Investors, Companies Capitalize on AI-Parsed Financial Filings

Investors, Companies Capitalize on AI-Parsed Financial Filings

Investors, Companies Capitalize on AI-Parsed Financial Filings

https://news.bloomberglaw.com/artificial-intelligence/investors-companies-capitalize-on-ai-parsed-financial-filings

Publish Date: 2026-05-26 05:00:00

Source Domain: news.bloomberglaw.com

AI models are helping investors speed up analysis of lengthy corporate filings while savvy companies are exploiting the weaknesses of the new tools.

Investors are using artificial intelligence models to speed up research, easing the laborious process of comparing documents across years to find changes in information. Some companies, meanwhile, are drafting their filings in a way that AI models would be more likely to miss or downplay information that executives don’t want to highlight.
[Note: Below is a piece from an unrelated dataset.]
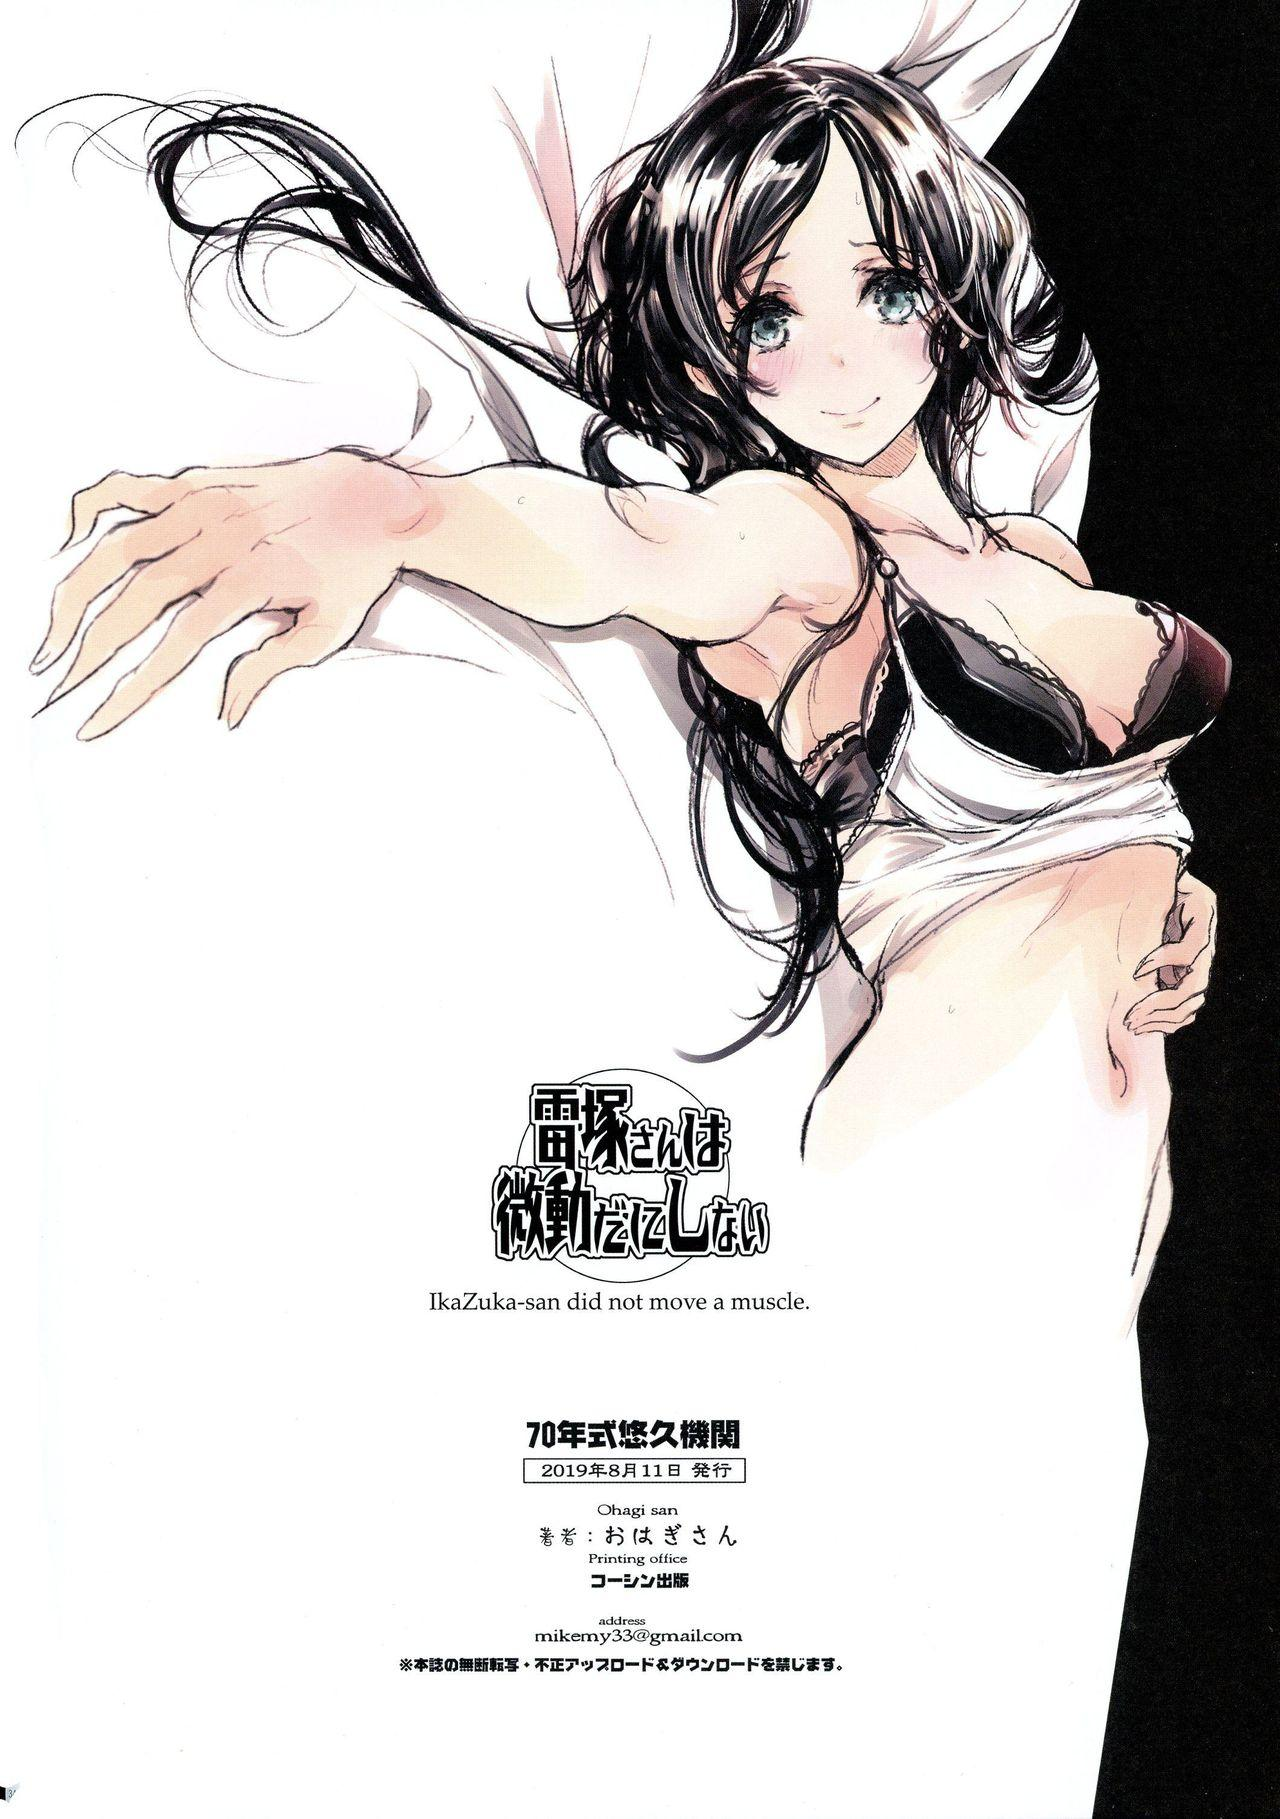 IkaZuka-san did not move a muscle 33

The Securities and Exchange Commission under the Trump administration has contended that required corporate filings such as annual financial reports can be far too long with details that are insignificant to investors. Chairman Paul Atkins is mulling curtailing executive compensation and risk factor disclosures.

Investors are using tools like OpenAI’s ChatGPT or Anthropic’s Claude Opus; some are also using specialized AI tools for financial analysis.

Information previously could be buried deep in a corporate document, making it opaque, said Wesley Gray, CEO of Alpha Architect, an asset management firm. “But now everyone has a supercomputer.”

Regardless of how AI is used by investors, SEC officials say shortened disclosures can serve a broader purpose: giving companies incentives to go public and stay in the market amid a decades-long slump in the number of public businesses.

The SEC is trying to ensure disclosures “are useful and not overwhelming,” said Joshua White, chief economist and director of the agency’s Division of Economic and Risk Analysis, in a statement.

“One thing we have to keep in mind is disclosures are not costless to produce for companies,” White said. “It not only takes the time to produce it, you have to verify it, you have to stand behind what it says.”

Faster Tools

For decades, investors had to “control-F” their way through a corporate filing to find information, said Corey Hammill, senior vice president of financial data at AlphaSense, a…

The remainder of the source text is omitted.